Seismic full-waveform inversion (FWI) for imaging Earth’s interior was introduced in the late 1970s. Its ultimate goal is to use all of the information in a seismogram to understand the structure and dynamics of Earth, such as hydrocarbon reservoirs, the nature of hotspots and the forces behind plate motions and earthquakes. Thanks to developments in high-performance computing and advances in modern numerical methods in the past 10 years, 3D FWI has become feasible for a wide range of applications and is currently used across nine orders of magnitude in frequency and wavelength. A typical FWI workflow includes selecting seismic sources and a starting model, conducting forward simulations, calculating and evaluating the misfit, and optimizing the simulated model until the observed and modelled seismograms converge on a single model. This method has revealed Pleistocene ice scrapes beneath a gas cloud in the Valhall oil field, overthrusted Iberian crust in the western Pyrenees mountains, deep slabs in subduction zones throughout the world and the shape of the African superplume. The increased use of multi-parameter inversions, improved computational and algorithmic efficiency, and the inclusion of Bayesian statistics in the optimization process all stand to substantially improve FWI, overcoming current computational or data-quality constraints.
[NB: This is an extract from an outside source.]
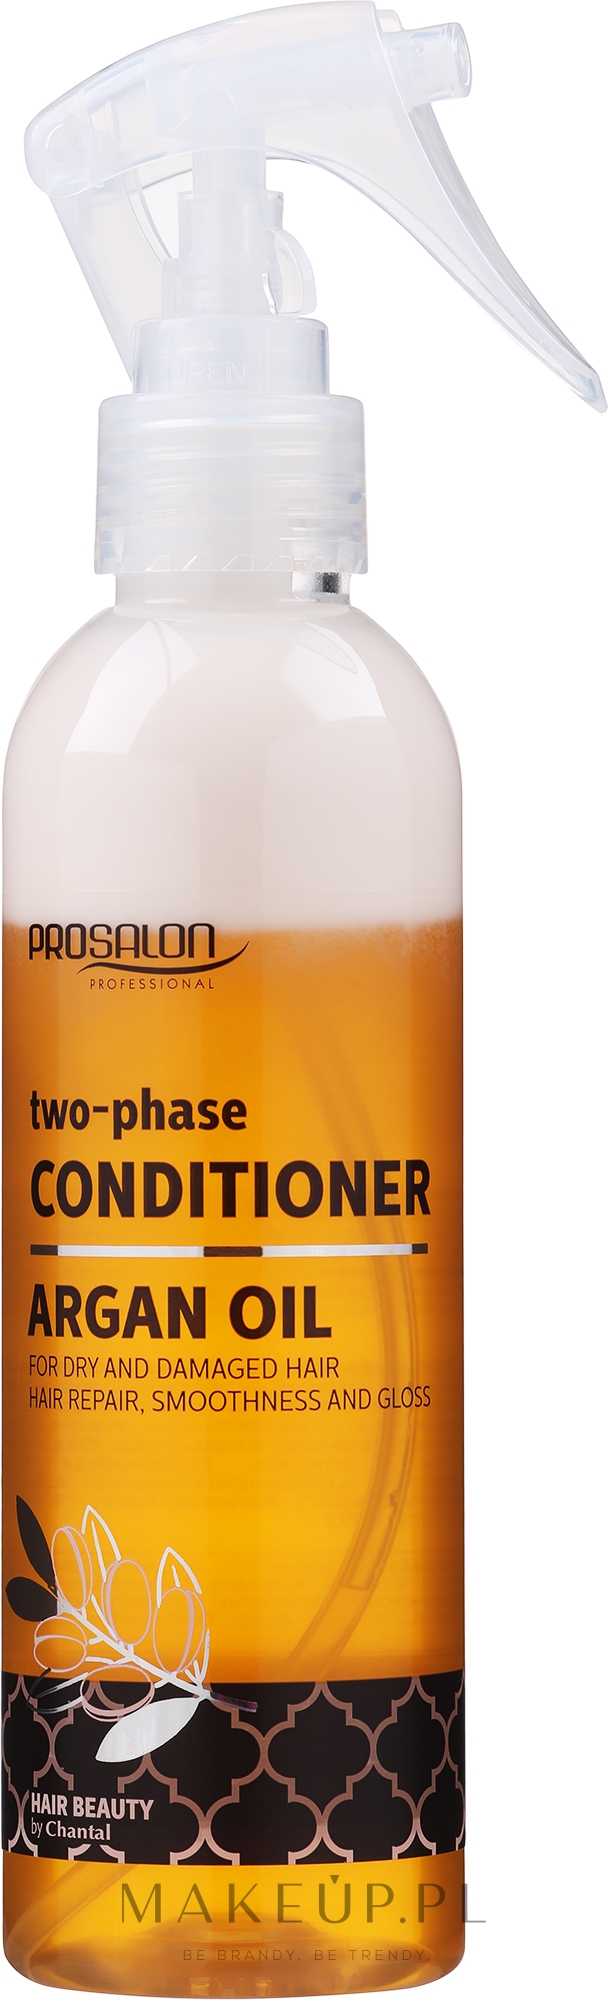 prosalon argan oil odżywka do włosów

In this Technical Review, FWI methods and applications in controlled-source and earthquake seismology are discussed, followed by a perspective on the future of FWI, which will ultimately result in increased insight into the physics and chemistry of Earth’s interior.

Key points

  • Modern numerical methods and high-performance computers have facilitated the characterization of Earth’s interior constrained by the physics of seismic-wave propagation.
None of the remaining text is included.